Am Dienstag endet die Vernehmlassungsfrist für das Gesamtverkehrskonzept Agglomerationsgemeinden Luzern (GVK).  Der Touring Club (TCS) lehnt es ab, schreibt er in einer Medienmitteilung. Die Verkehrspolitik der Stadt Luzern entwickle sich aus Sicht des TCS seit längerem in die falsche Richtung.

«Der motorisierte Individualverkehr (MIV) wird mit verschiedenen Massnahmen immer mehr aus dem Stadtzentrum verdrängt. Auch der TCS unterstützt einen intakten und gut ausgebauten öffentlichen Verkehr (öV). Dieser darf aber nicht einseitig und ständig zu Lasten des MIV gefördert werden», schreibt der Club. Die im GVK enthaltenen Schlussfolgerungen und Massnahmen werden vom TCS deshalb kritisiert. Die Haltung des TCS werde von den Partnerverbänden ACS, ASTAG und dem Info-Forum Freies Unternehmertum (IFU) im Grundsatz geteilt. Auch der kantonale Gewerbeverband protestiert scharf gegen das Konzept, wie zentral+ bereits vermeldete.

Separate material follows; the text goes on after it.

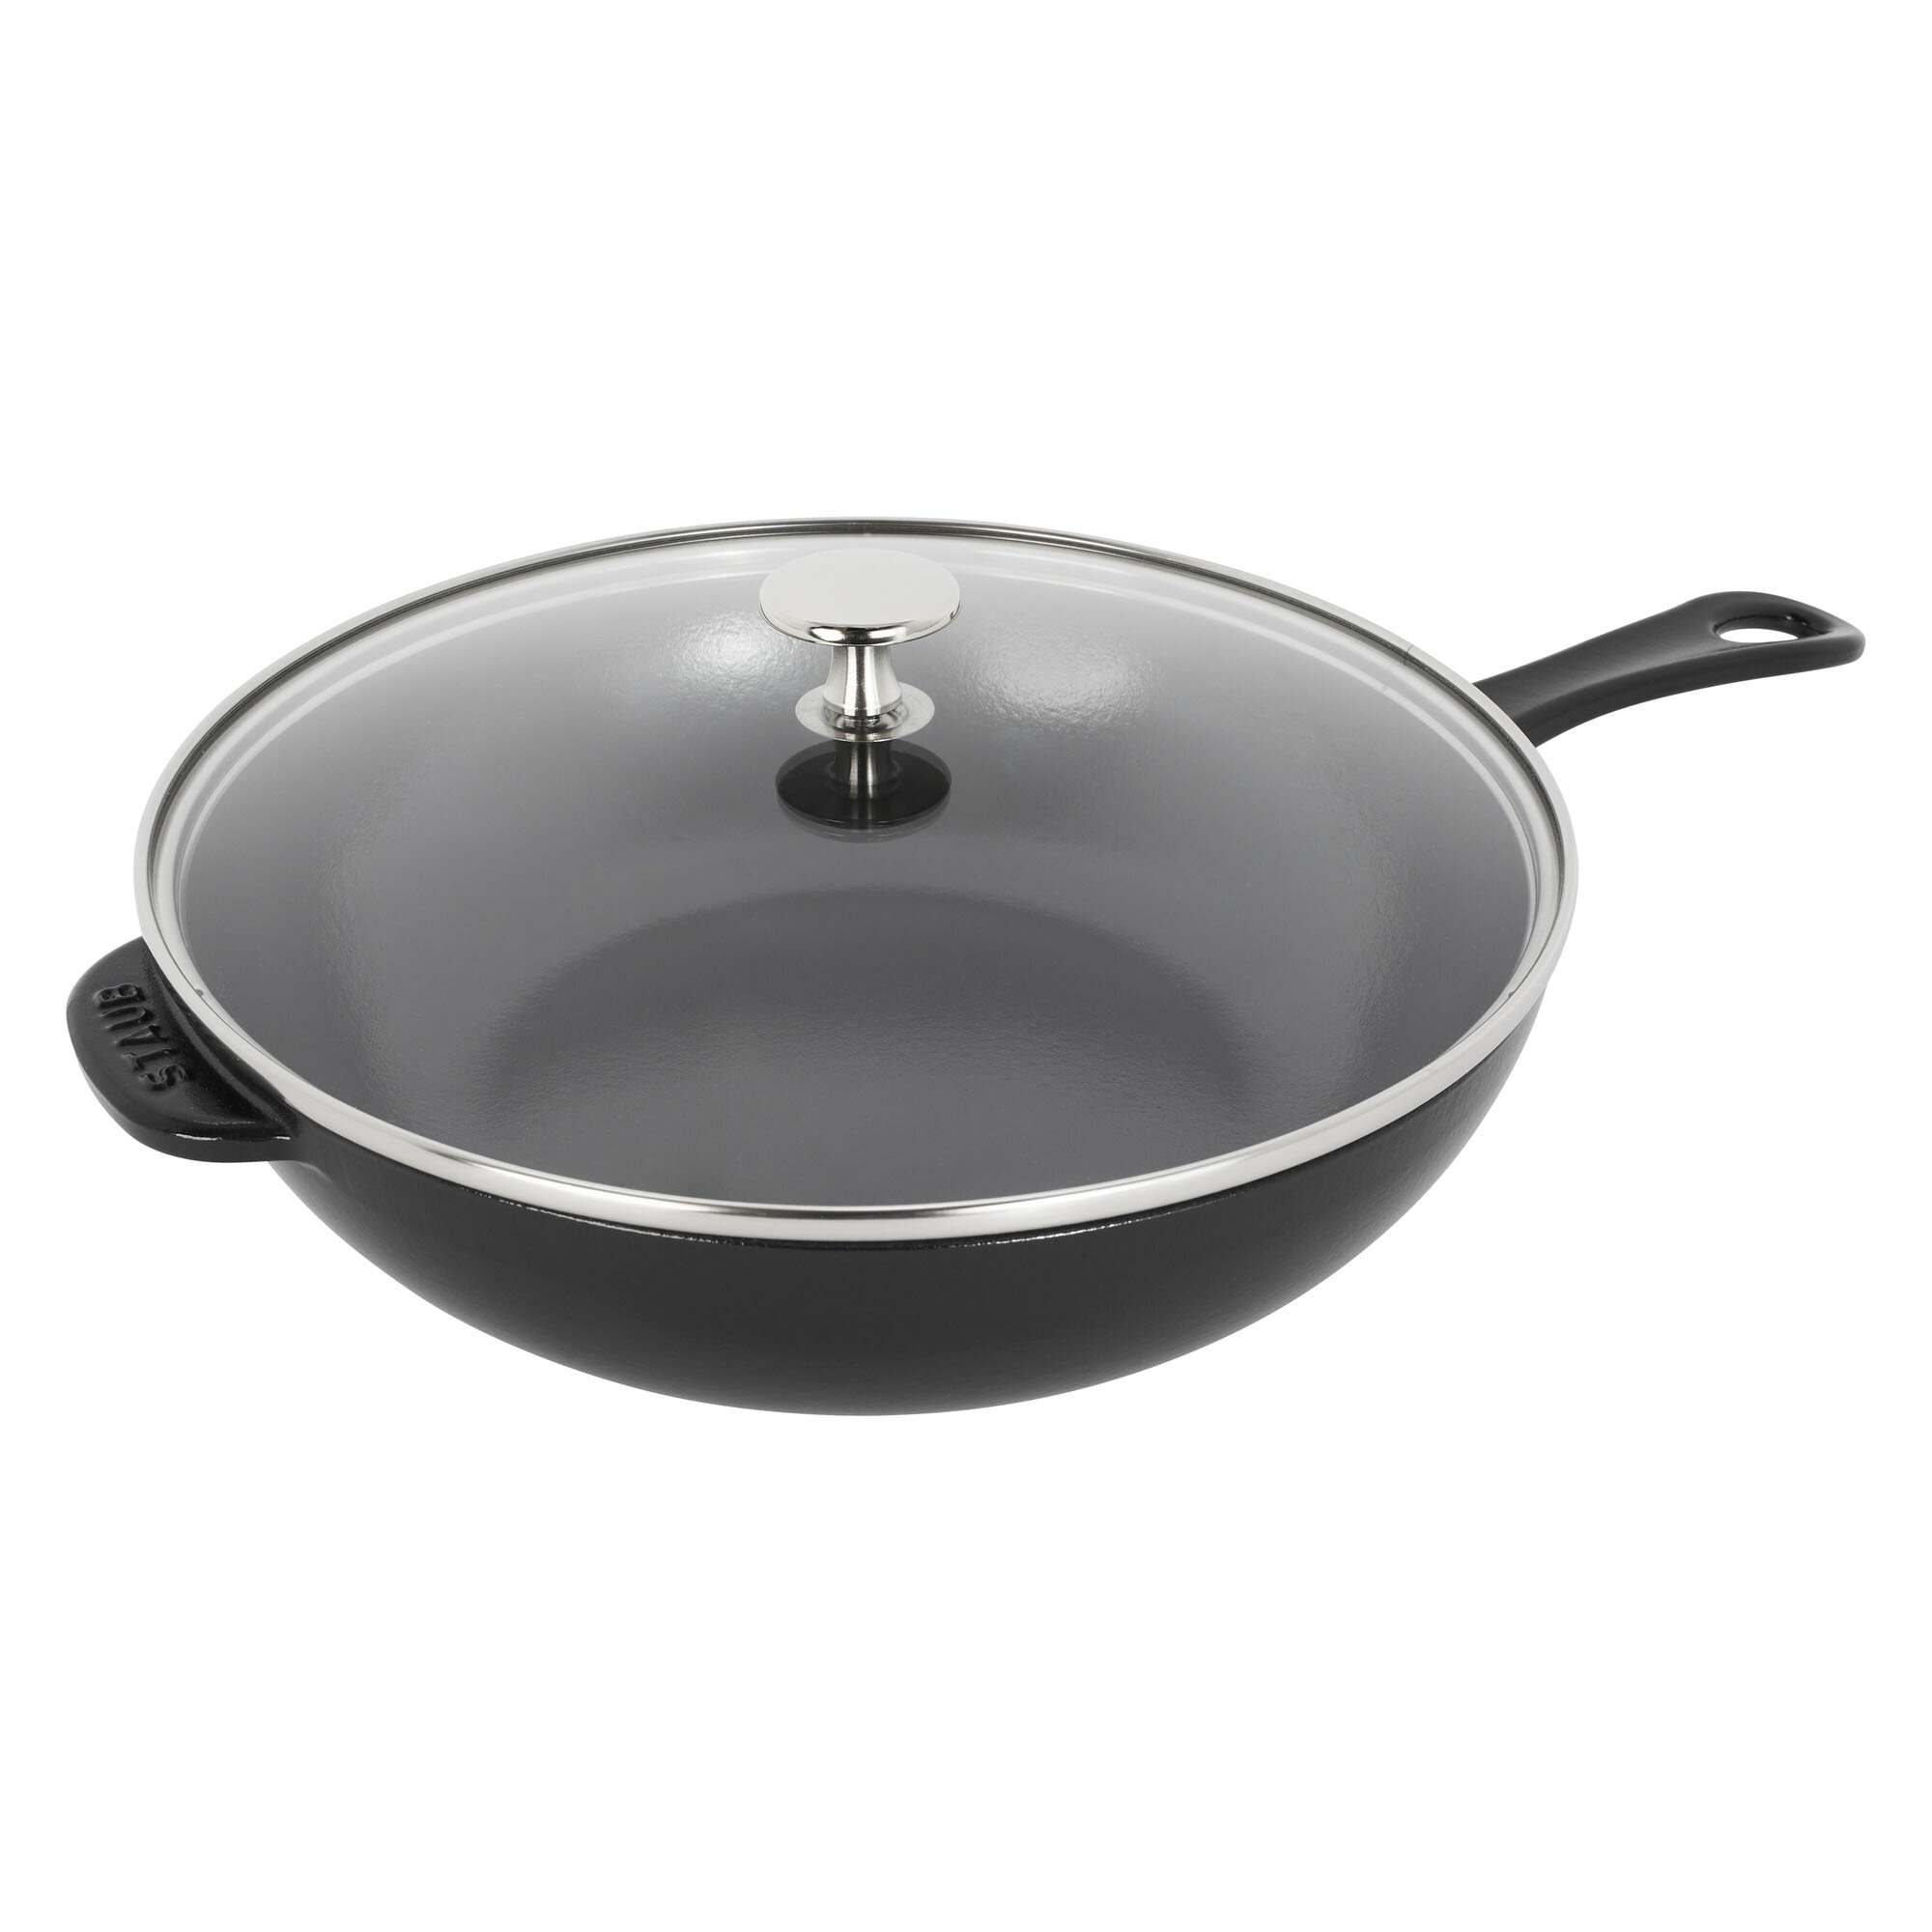 Staub Enameled Cast Iron Daily Pan with Glass Lid in Graphite Grey

Die vorgeschlagenen Instrumente wie Dosierungen, Priorisierungen und Verlagerungen gingen einseitig zu Lasten des MIV. «Die Kapaziät für den MIV wird massiv eingeschränkt. Vor diesem Hintergrund überlegt sich der TCS, mit einer neuen Organisation Gegensteuer zu geben.»

Lösungsansatz  «Grosskreisel Neustadt»

Neben den aufgeführten Kritikpunkten vermisst der TCS beim Gesamtverkehrskonzept innovative Lösungsansätze, die «über den Tellerrand» blicken und mithelfen könnten, die künftigen Herausforderungen der Luzerner Verkehrspolitik aufzugreifen. In eine solche Richtung gehe das Projekt «Grosskreisel Neustadt», das der TCS von externer Stelle beurteilen liess. «Ein Vorteil einer neuen Verkehrsführung wäre, dass der Verkehr entflechtet würde, sodass MIV, öV und Langsam- verkehr gleichermassen profitieren würden. Konflikte an Kreuzungen würden entschärft und der Verkehrsfluss verbessert», wird Sektionspräsident Peter Schilliger in der Mitteilung zitiert.